Rabbi Elina Bykova
A rabbi caters to a diverse flock
A gay couple joins in breaking the glass at the conclusion of their wedding. A lesbian couple signs the ketubah before a dual Jewish/Catholic ceremony with a rabbi and priest officiating. Parents who can’t afford synagogue membership see their daughter called to the torah for her bat mitzvah in the family’s living room. A boy is bar mitzvahed at his zaidy’s palliative care residence. A grieving family mourns a loved one after the departed one’s cremation.
Jewish worshippers are changing, becoming more diverse. Meeting those needs is the vocation of rabbi-at-large, Elina Bykova.
Rabbi Bykova cautions that she is no rebel, that officiating at occasions like these is not unusual for a rabbi of the Reform denomination of Judaism. Rabbi Bykova credits the Reform denomination with giving her the room to maneuver.
“There’s no pressure., If you want to do cremations, that’s fine; if not, that’s fine too. It’s the same with interfaith ceremonies. Personal conviction lets you decide if officiating is unacceptable.”
Mixed marriages and cremations
As the rabbi’s website says each wedding she performs is “unique.” The bride and groom are invited to choose the “content of the ceremony, including readings, vows, and every word spoken during the wedding ceremony.”
If either party wants clergy from another faith to co-officiate, even hold the nuptials on a Saturday, Rabbi Bykova will be there prayer book, tallit and all. The Orthodox and Conservative branches of Judaism consider cremation verboten. “For dust you are, and to dust you shall return,” says Genesis. That’s dust not ashes.

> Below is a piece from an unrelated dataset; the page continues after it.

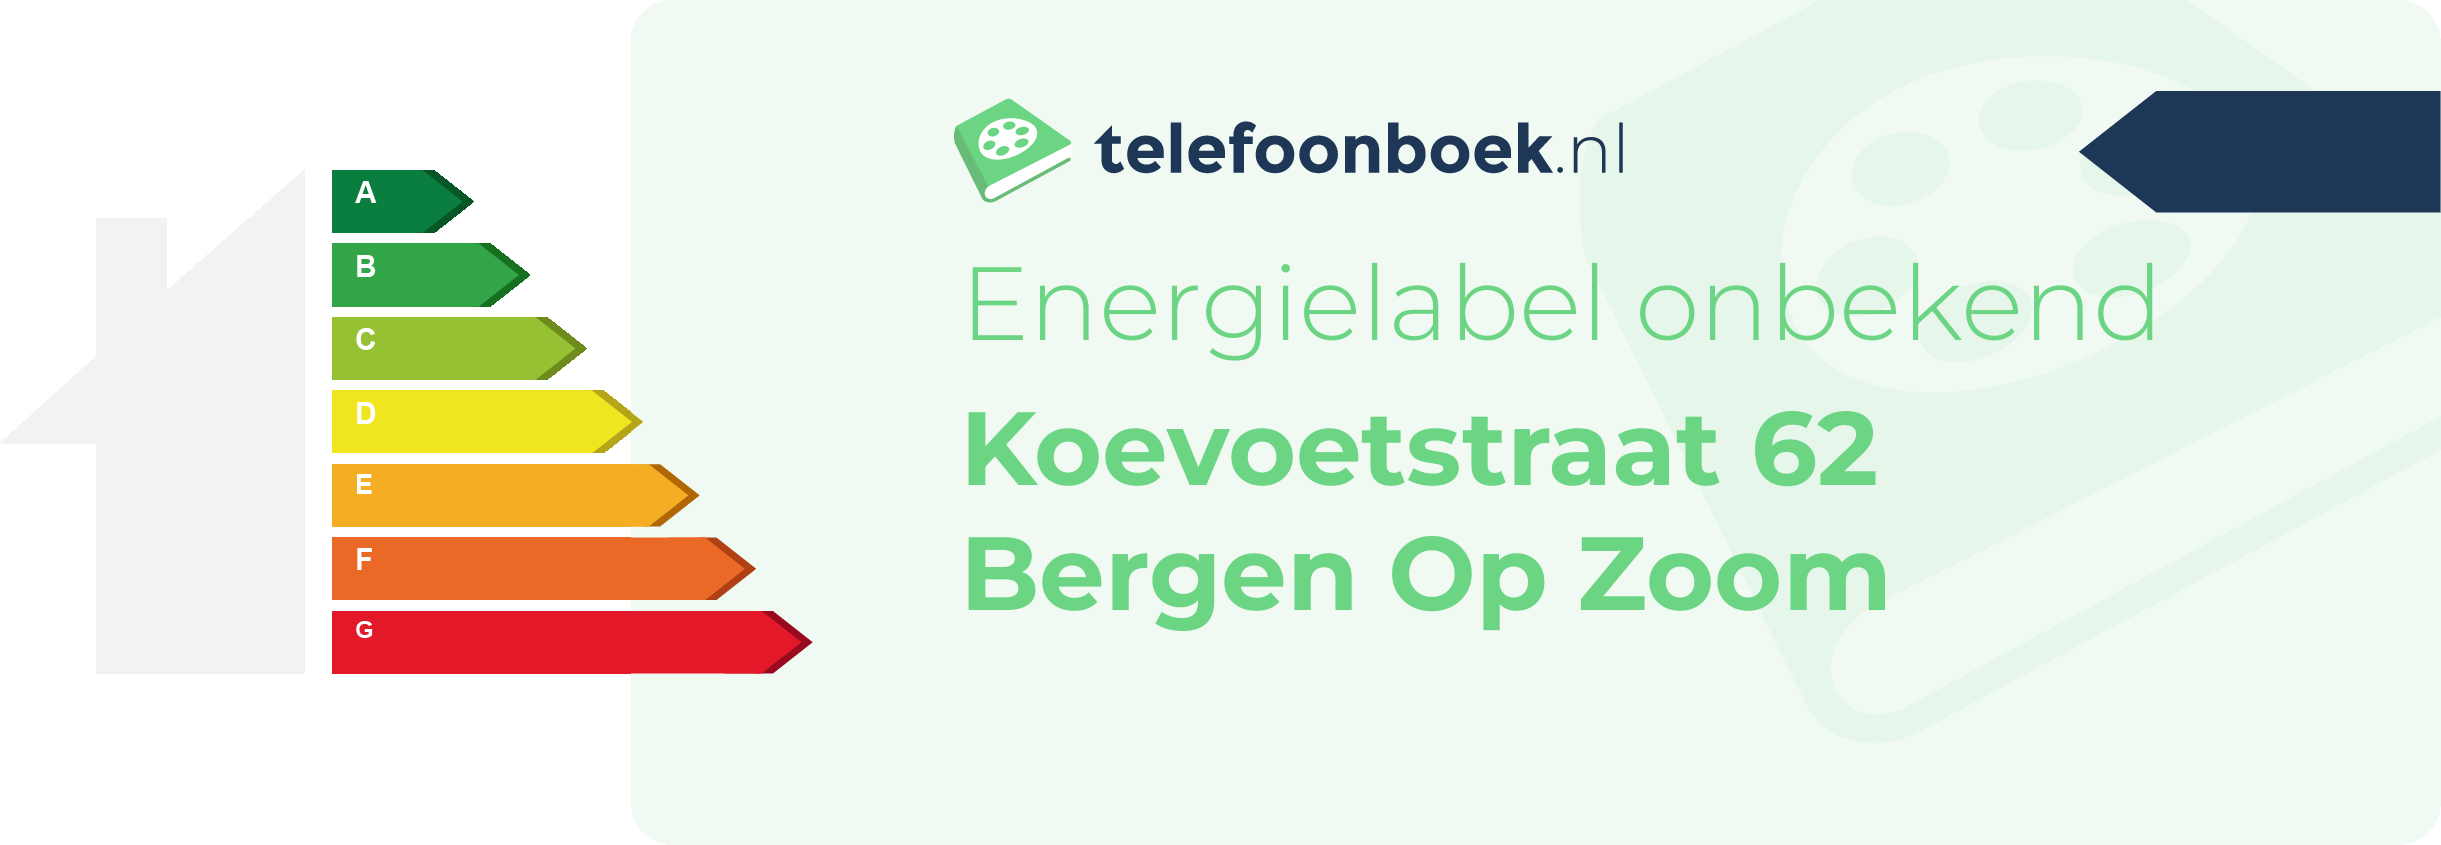 Energielabel Koevoetstraat 62 Bergen Op Zoom
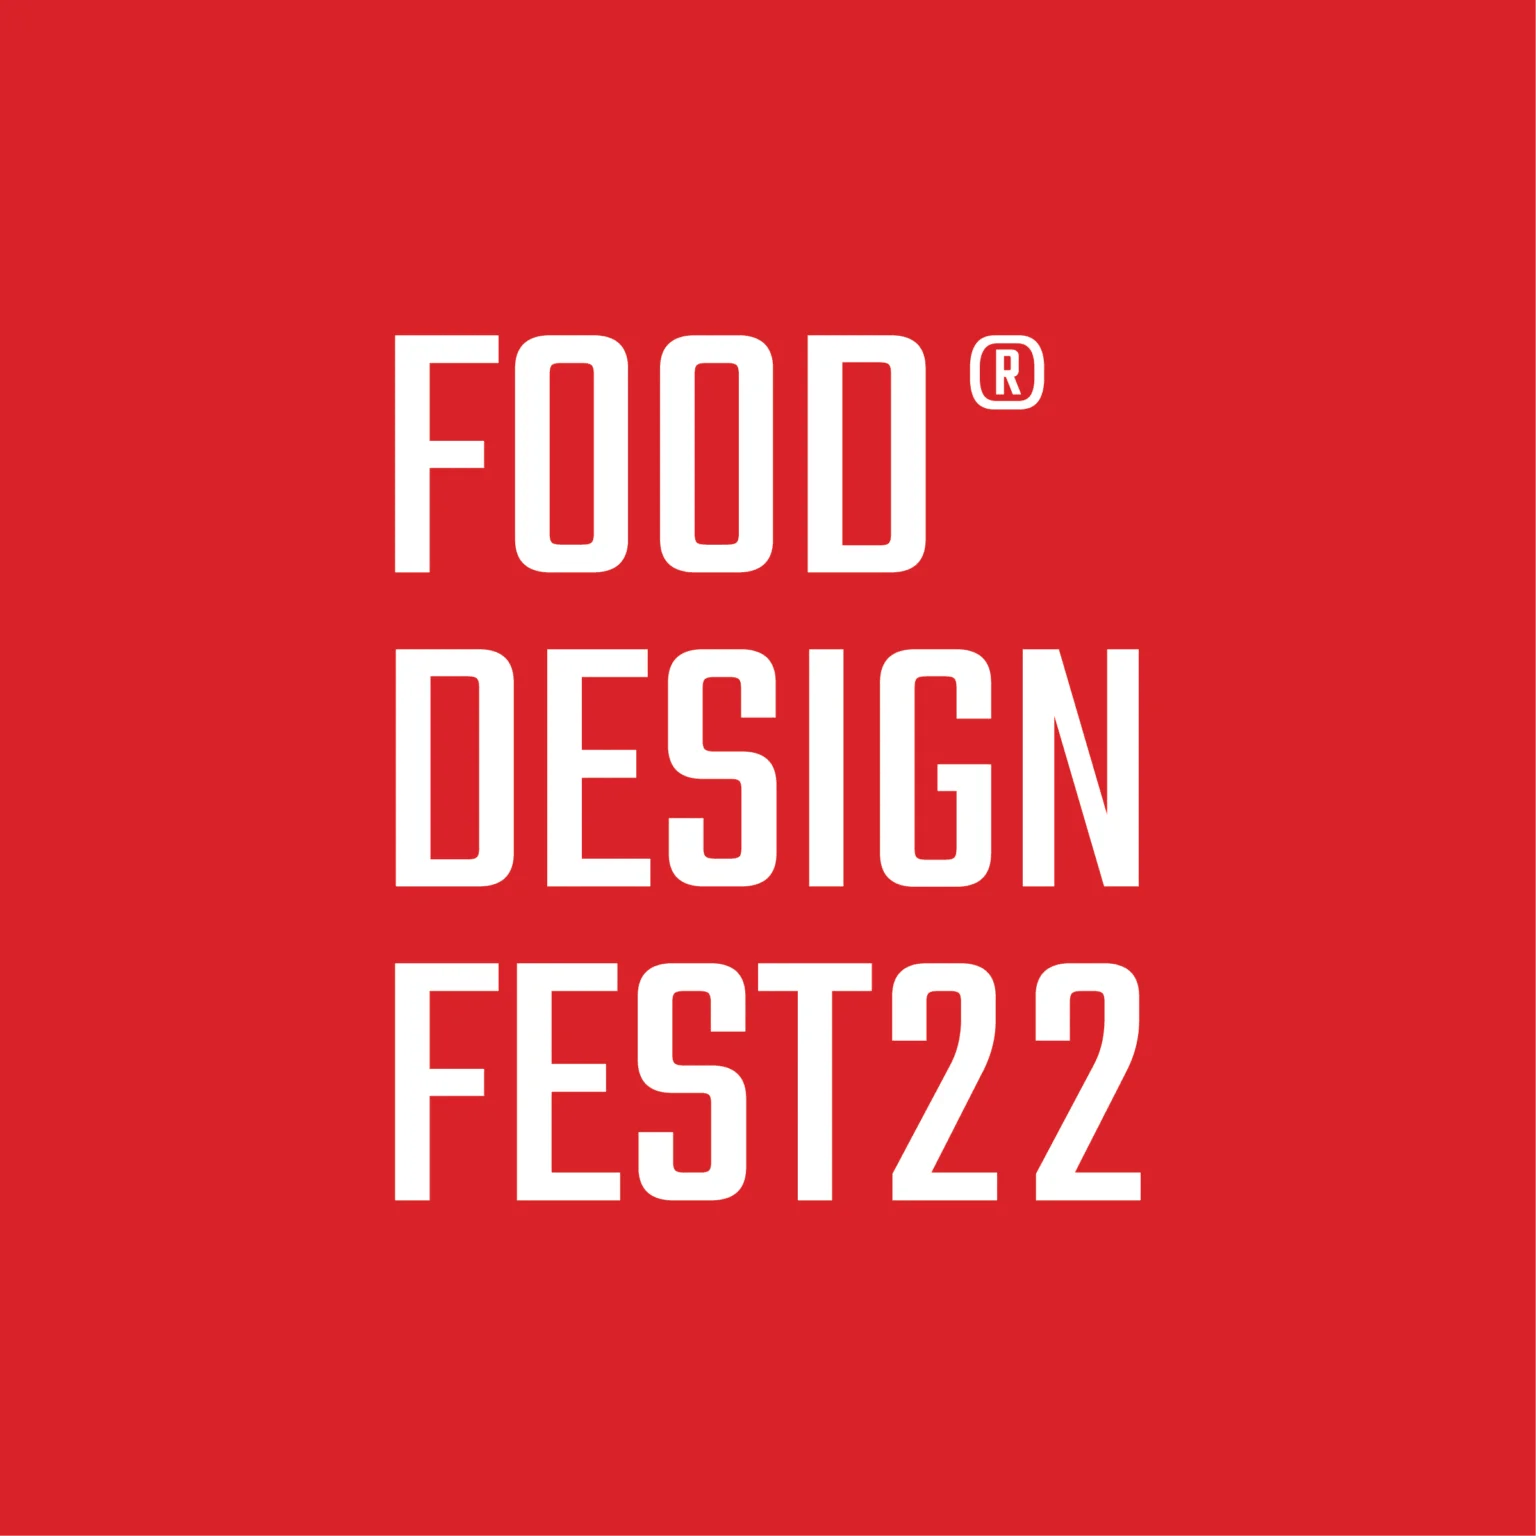 Imagen número 75 de Cosentino colabora con el Food Design Festival 2022

So rabbis from those two denomination won’t officiate at a cremation. But, typically, Reform leaves the choice to the rabbi and Rabbi Bykova sees the paramount need to comfort the mourners no matter what the departed has chosen.
“What people want is the same service we offer at the traditional Jewish burial and the comfort of the traditional service and prayers.”
Drawing the line
The rabbi is decidedly conservative when it comes to medically assisted death. Bykova can’t see herself providing comfort to the person requesting death by administered medication. “Technically, this is assisted suicide. This is not a natural death,” she reasons. And even though the person has suffered tremendously, they may still have doubts in their mind and say so when they feel the drug that is supposed to end their misery taking effect. And what would the rabbi do then?
“I can’t imagine what to do in this situation.”
She says that this is a task for a chaplain. “But even if I had the training, I would still say ‘Go to a rabbi who is a chaplain.’ ”
The rabbi was born in Kiev in 1963. Communism was in bloom and Rabbi Bykova’s family parents were second-generation communists and card-carrying party members. So there was no one at home to teach young Elina to light the sabbath candles or ask the Four Questions. At school, her teachers raged against the evils of religion. Elina was not convinced. “I was interested in Judaism. I guess I was the weird member of the family,” she recalls. She tried to find out as much as she could about Judaism. In order to teach what was wrong with religion, her teachers had to explain what it was all about.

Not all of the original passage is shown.